Search code examples
pythonpython-3.xmatplotlibpylot

Python: ValueError: could not convert string to float: '0'


For some school assignments I've been trying to get pyplot to plot some scientific graphs based on data from Logger Pro for me. I'm met with the error

ValueError: could not convert string to float: '0'

This is the program:

plot.py
-------------------------------
import matplotlib.pyplot as plt 
import numpy as np

infile = open('text', 'r')

xs = []
ys = []

for line in infile:
    print (type(line))
    x, y = line.split()
    # print (x, y)
    # print (type(line), type(x), type(y))

    xs.append(float(x))
    ys.append(float(y))

xs.sort()
ys.sort()

plt.plot(xs, ys, 'bo')
plt.grid(True)

# print (xs, ys)

plt.show()

infile.close()

And the input file is containing this:

text
-------------------------------
0 1.33
1 1.37
2 1.43
3 1.51
4 1.59
5 1.67
6 1.77
7 1.86
8 1.98
9 2.1

This is the error message I recieve when I'm running the program:

Traceback (most recent call last):
  File "\route\to\the\file\plot01.py", line 36, in <module>
    xs.append(float(x))
ValueError: could not convert string to float: '0'

Solution

  • You have a UTF-8 BOM in your data file; this is what my Python 2 interactive session states is being converted to a float:

    >>> '0'
    '\xef\xbb\xbf0'
    

    The \xef\xbb\xbf bytes is a UTF-8 encoded U+FEFF ZERO WIDTH NO-BREAK SPACE, commonly used as a byte-order mark, especially by Microsoft products. UTF-8 has no byte order issues, the mark isn't required to record the byte ordering like you have to for UTF-16 or UTF-32; instead Microsoft uses it as an aid to detect encodings.

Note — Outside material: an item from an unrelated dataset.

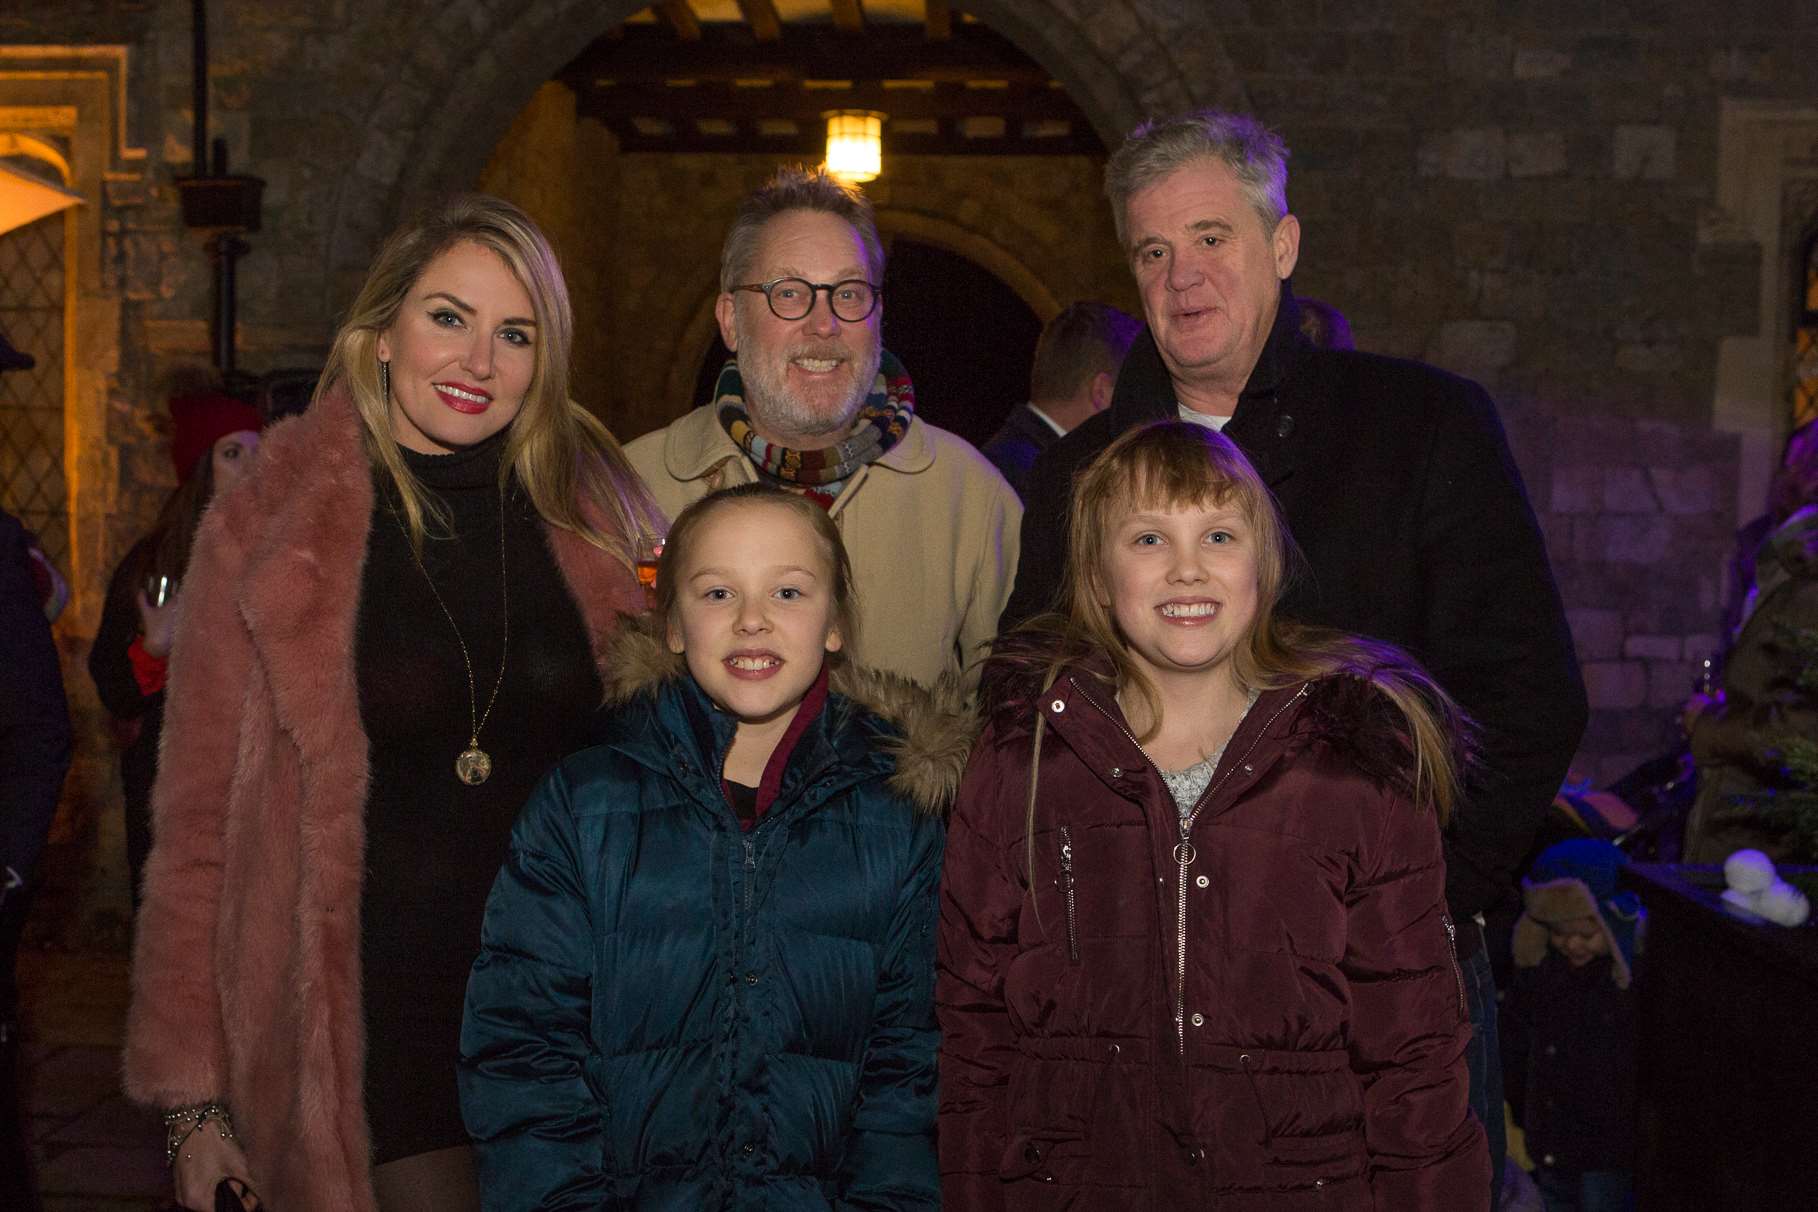 Vic Reeves, wife Nancy Sorrell and family attend the official opening of the new ice rink at Eastwell Manor – A Champneys Spa Hotel.

    On Python 3, you could open the file using the utf-8-sig codec; this codec expects the BOM at the start and will remove it:

    infile = open('text', 'r', encoding='utf-8-sig')
    

    On Python 2, you could use the codecs.BOM_UTF8 constant to detect and strip;

    for line in infile:
        if line.startswith(codecs.BOM_UTF8):
            line = line[len(codecs.BOM_UTF8):]
        x, y = line.split()
    

    As the codecs documentation explains it:

    As UTF-8 is an 8-bit encoding no BOM is required and any U+FEFF character in the decoded string (even if it’s the first character) is treated as a ZERO WIDTH NO-BREAK SPACE.

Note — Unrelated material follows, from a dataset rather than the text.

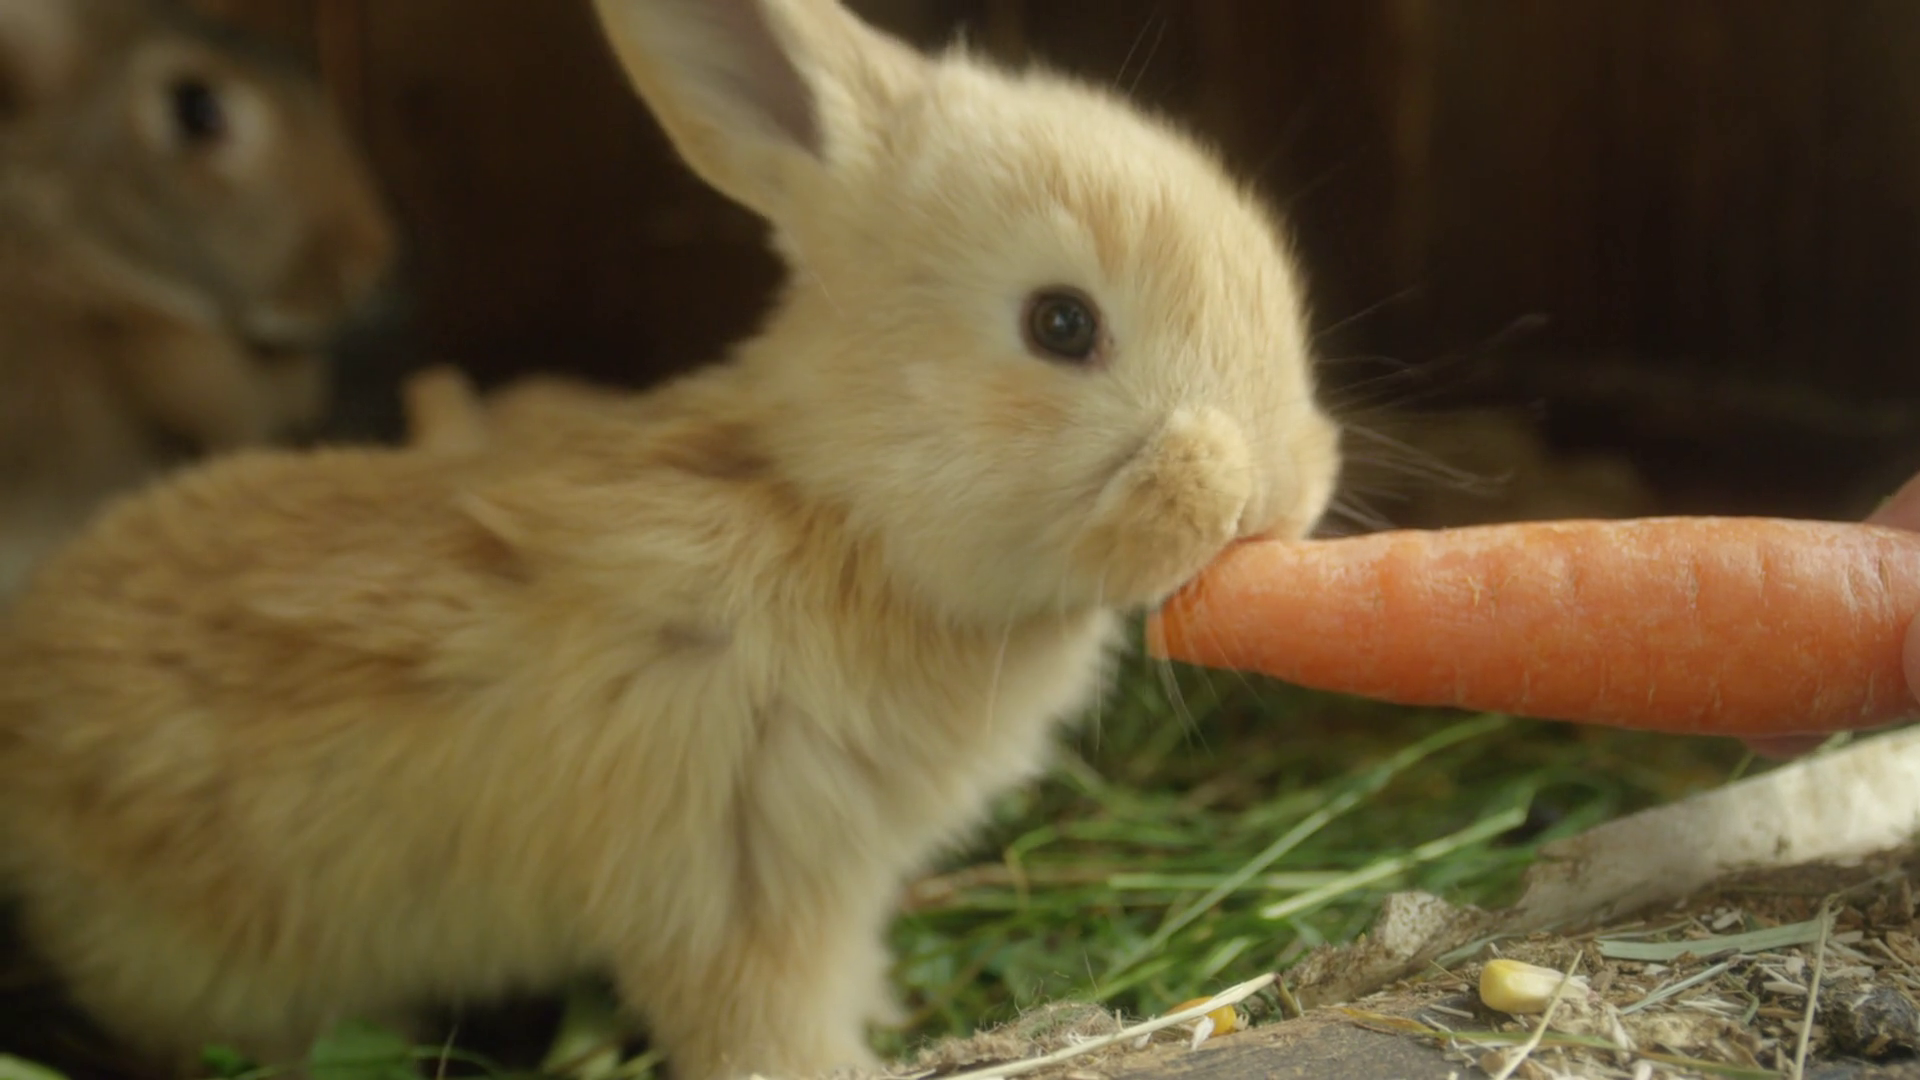 CLOSE UP: Beautiful fluffy light brown baby bunny eating big fresh ...

    Without external information it’s impossible to reliably determine which encoding was used for encoding a string. Each charmap encoding can decode any random byte sequence. However that’s not possible with UTF-8, as UTF-8 byte sequences have a structure that doesn’t allow arbitrary byte sequences. To increase the reliability with which a UTF-8 encoding can be detected, Microsoft invented a variant of UTF-8 (that Python 2.5 calls "utf-8-sig") for its Notepad program: Before any of the Unicode characters is written to the file, a UTF-8 encoded BOM (which looks like this as a byte sequence: 0xef, 0xbb, 0xbf) is written. As it’s rather improbable that any charmap encoded file starts with these byte values (which would e.g. map to

    LATIN SMALL LETTER I WITH DIAERESIS
    RIGHT-POINTING DOUBLE ANGLE QUOTATION MARK
    INVERTED QUESTION MARK
    

    in iso-8859-1), this increases the probability that a utf-8-sig encoding can be correctly guessed from the byte sequence. So here the BOM is not used to be able to determine the byte order used for generating the byte sequence, but as a signature that helps in guessing the encoding. On encoding the utf-8-sig codec will write 0xef, 0xbb, 0xbf as the first three bytes to the file. On decoding utf-8-sig will skip those three bytes if they appear as the first three bytes in the file. In UTF-8, the use of the BOM is discouraged and should generally be avoided.